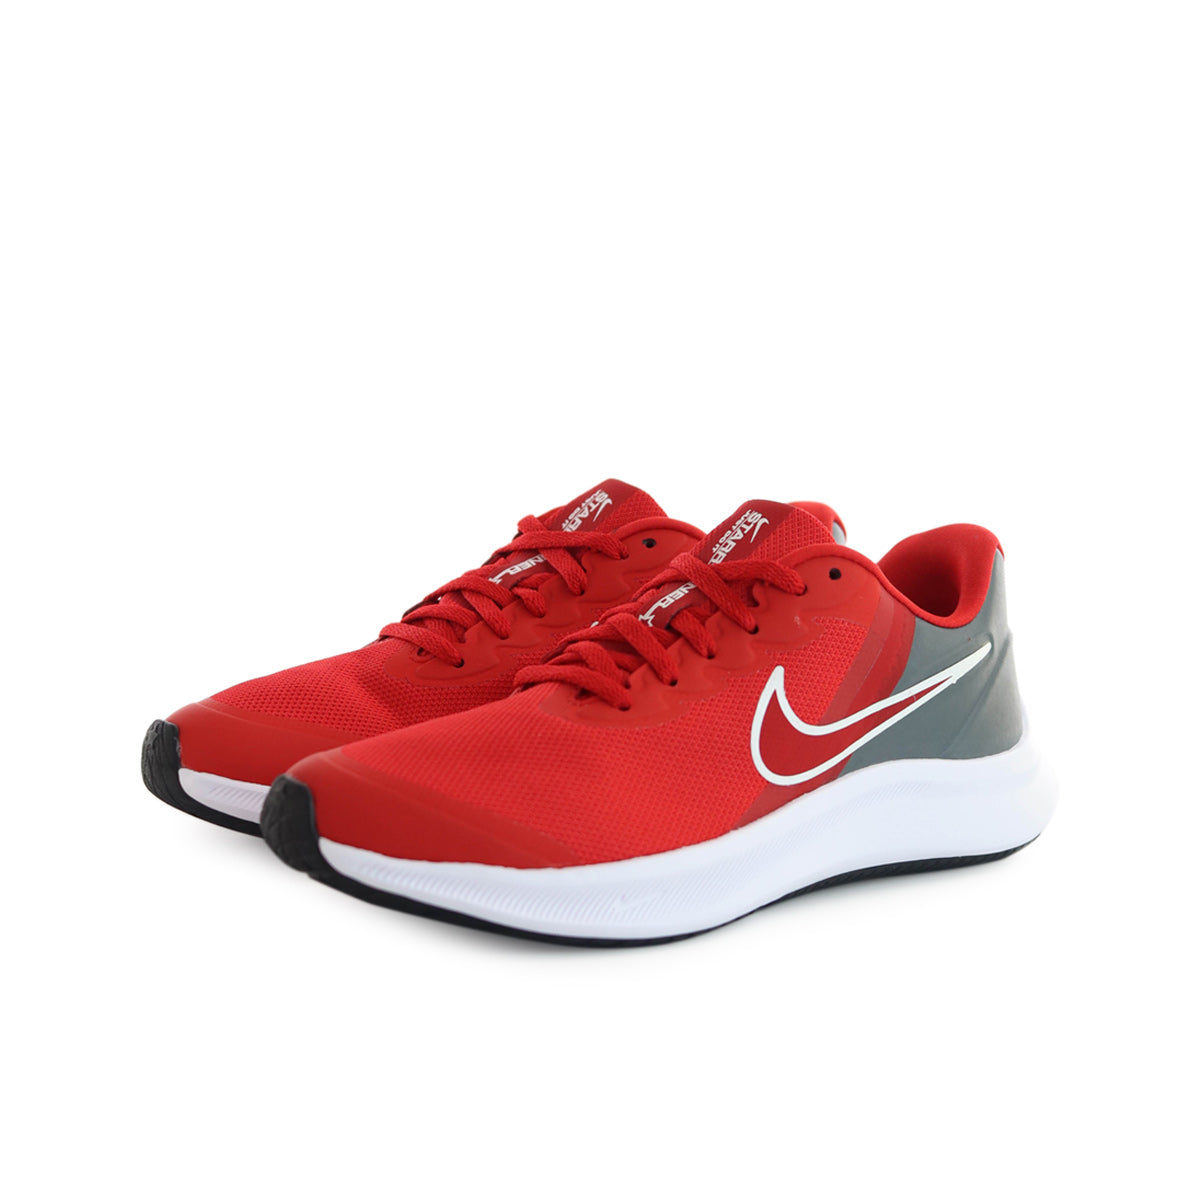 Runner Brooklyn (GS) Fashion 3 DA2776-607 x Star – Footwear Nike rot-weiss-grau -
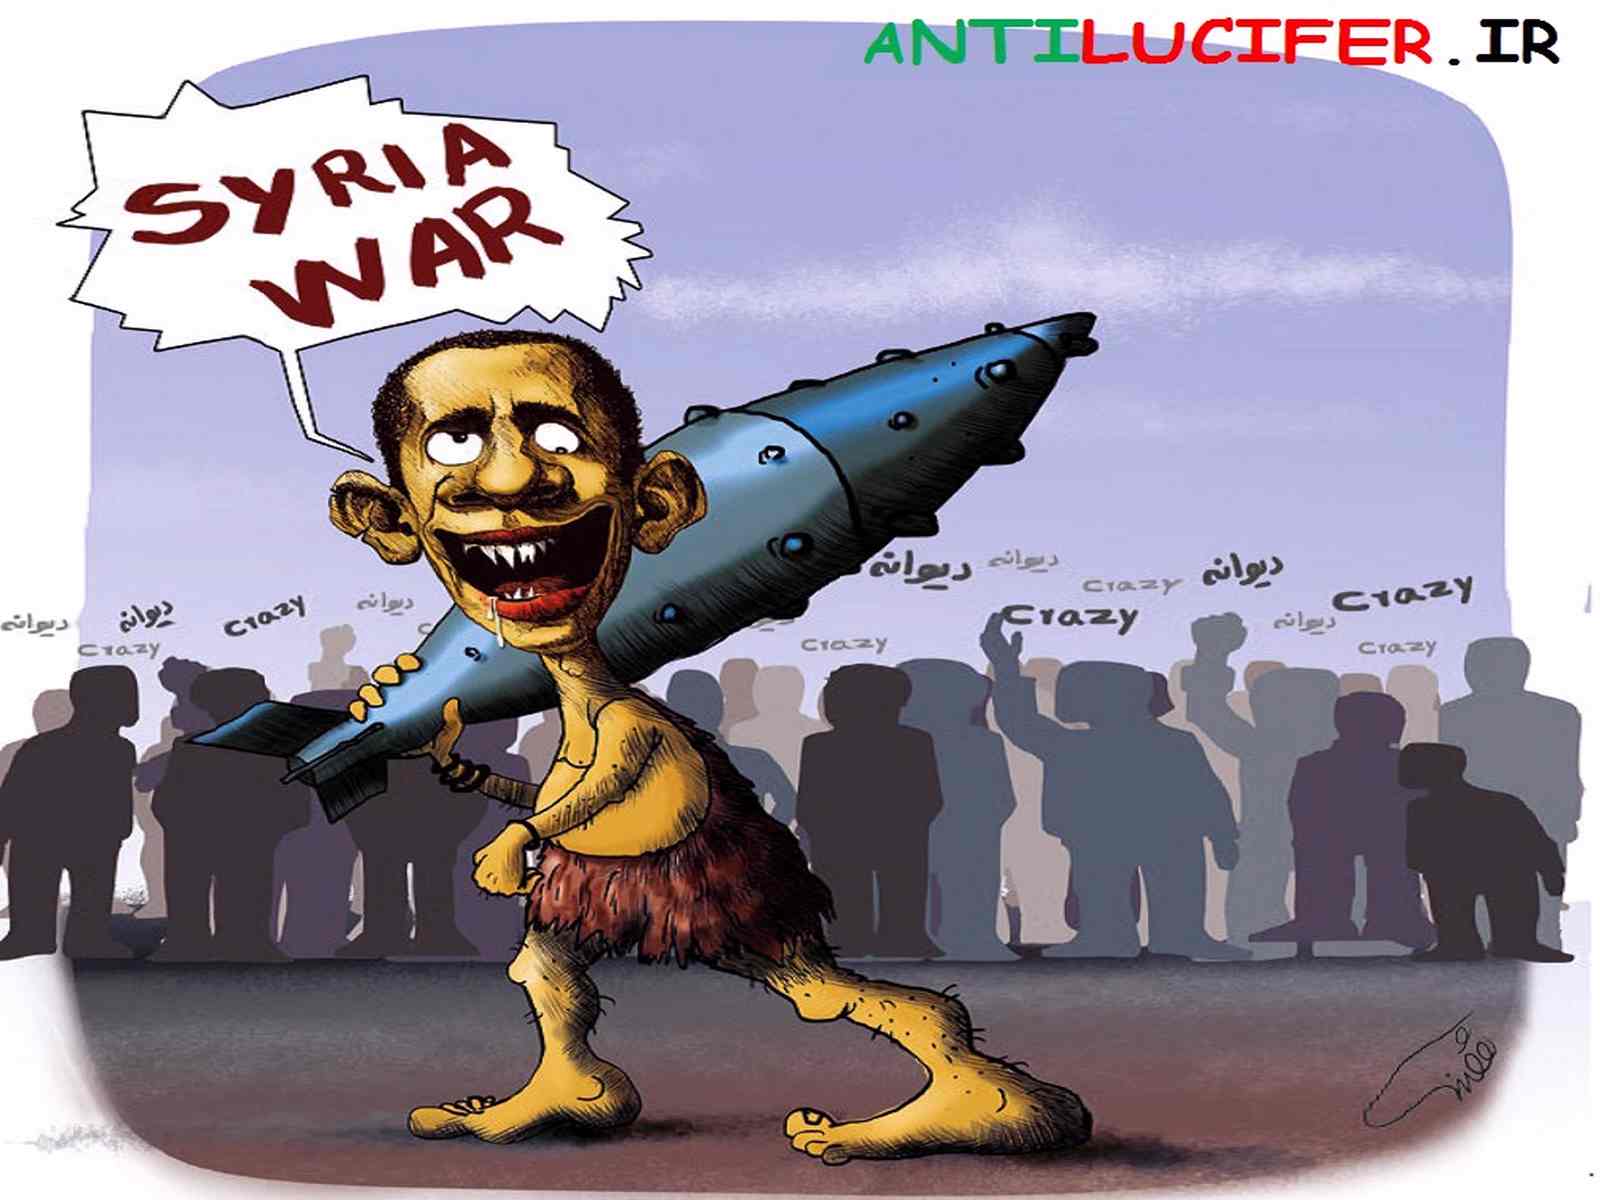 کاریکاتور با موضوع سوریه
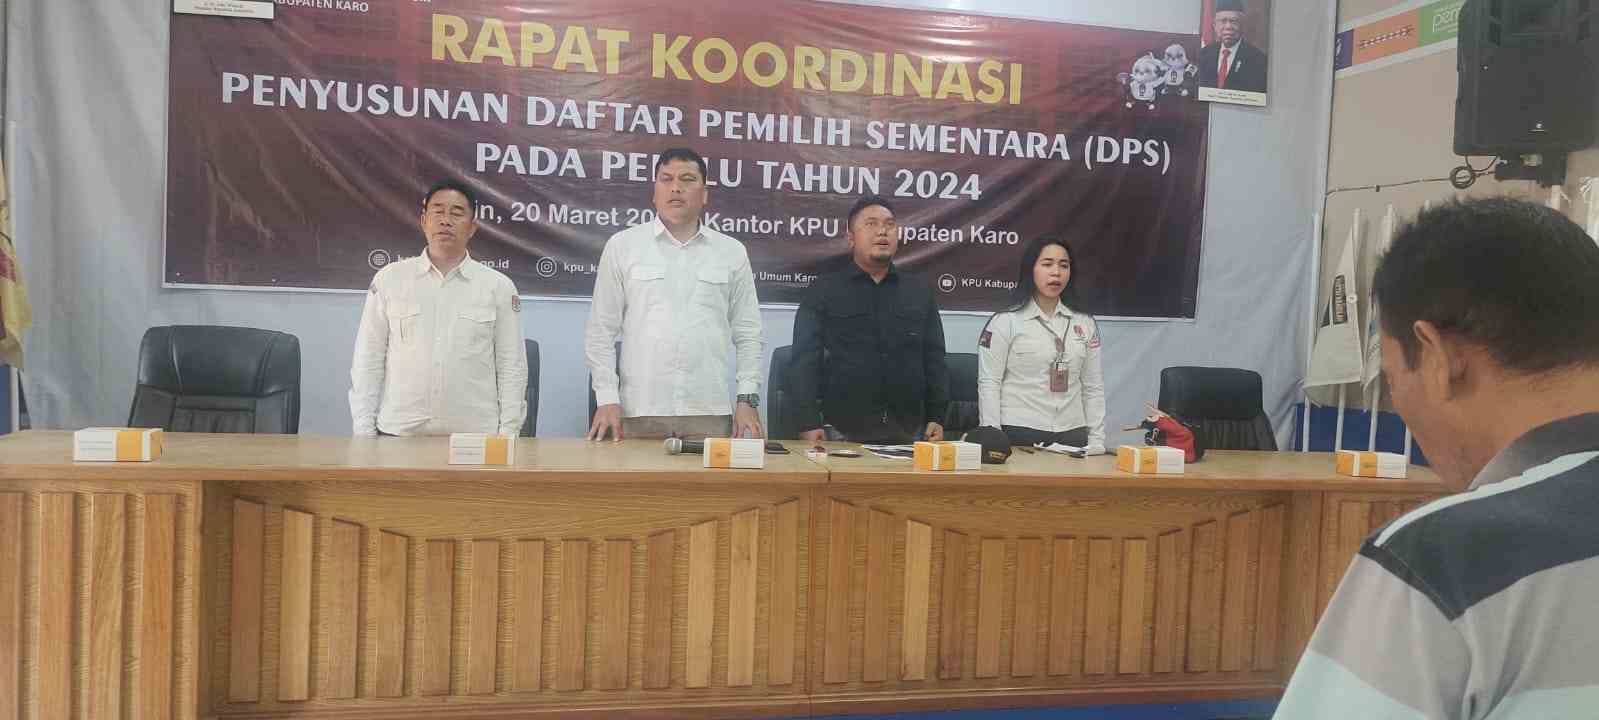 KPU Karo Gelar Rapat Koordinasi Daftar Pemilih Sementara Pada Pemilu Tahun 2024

Action item: Retype the data above as given, letting no picture into the copy.

Exercise result:
 Runner Brooklyn (GS) Fashion 3 DA2776-607 x Star – Footwear Nike rot-weiss-grau -
 کاریکاتور با موضوع سوریه
 KPU Karo Gelar Rapat Koordinasi Daftar Pemilih Sementara Pada Pemilu Tahun 2024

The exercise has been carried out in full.